AEG-1 Regulates TWIK-1 Expression as an RNA-Binding Protein in Astrocytes

Round 1

Reviewer 1 Report

-Authors need to start the introduction with something more general about the increasing interesting in astrocytes for CNS disorders. Targeting the mechanistic pathway in astrocytes have recently been shown to provide a viable therapeutic option for some diseases such as CNS edema and neurodegeneration where there’s a clear unmet clinical need.

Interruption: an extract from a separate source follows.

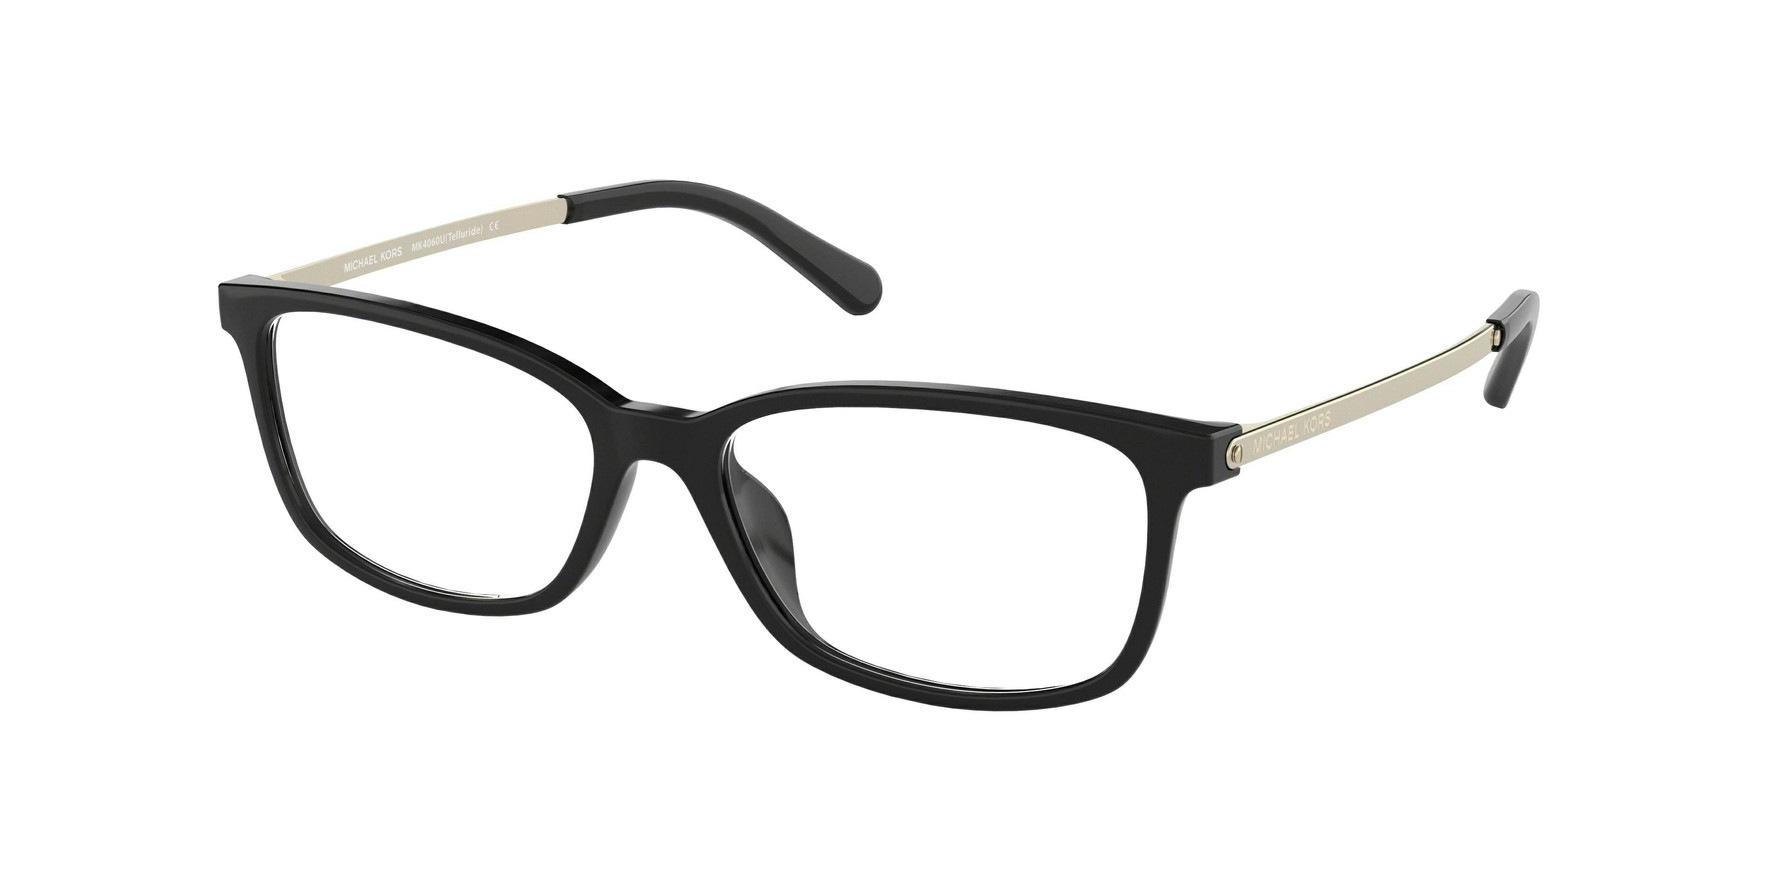 Michael Kors MK4060U TELLURIDE Eyeglasses - Michael Kors Authorized ...
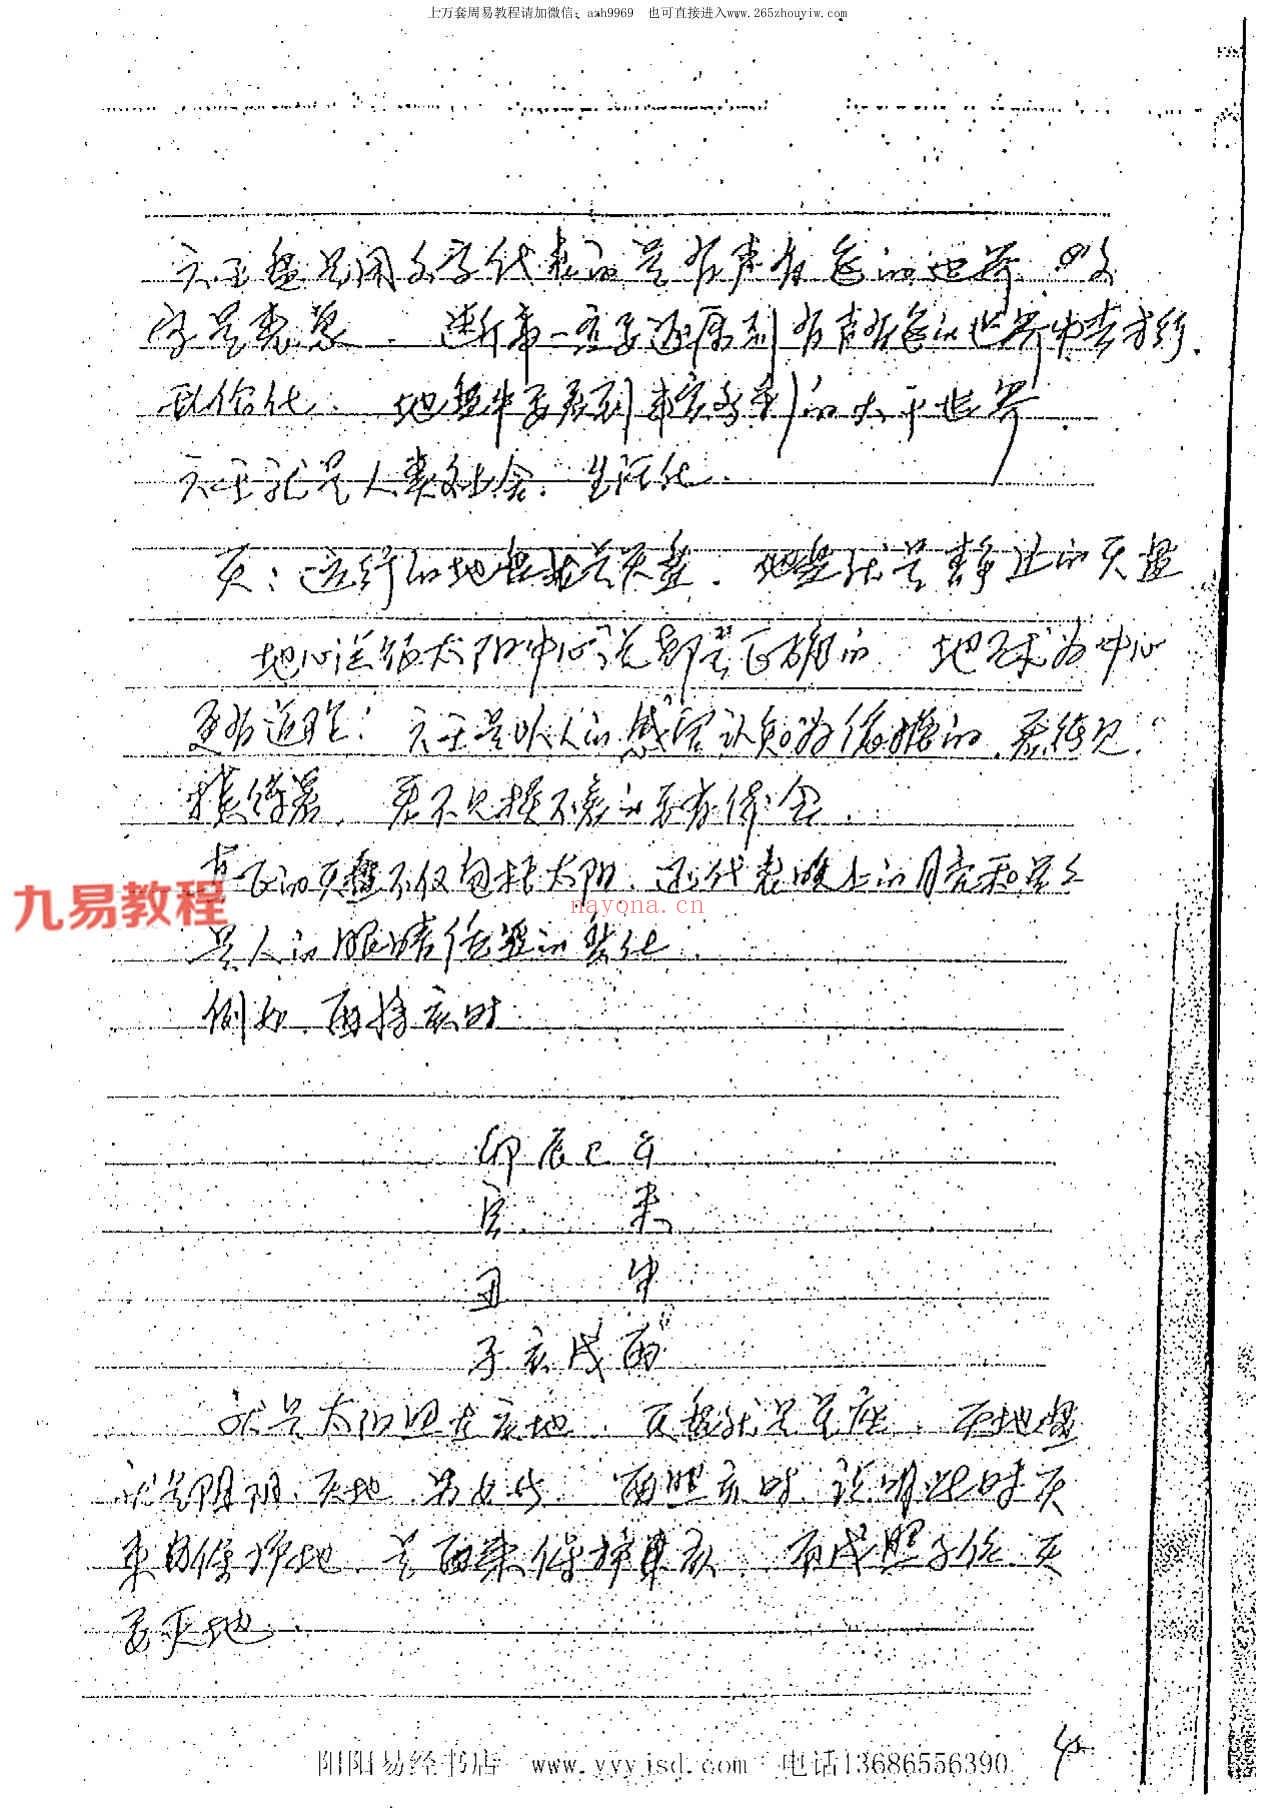 徐伟刚-正统大六壬面授录音+笔记pdf

-Authors discussed the identification of three suggested pathways. What was the platforms for data analysis and has KEGG been considered for data analysis? Please refer to similar studies where KEGG was performed since it has the most extensive molecular pathways database:

- https://pubmed.ncbi.nlm.nih.gov/33126586/

- https://www.ncbi.nlm.nih.gov/pmc/articles/PMC5735114/

-The study is based on transcriptomic profiling of cells which are grown in 2D. New lines of research have discussed the variability of genetic and protein profiling in 2D vs 3D. Authors need to discuss this as a limitation of the current study. Future studies can benefit from 3D self-organized models and organ-on-a-chip platforms for advanced imaging where spatial transcriptomics can be applied in combination with other imaging modalities such as expansion microscopy.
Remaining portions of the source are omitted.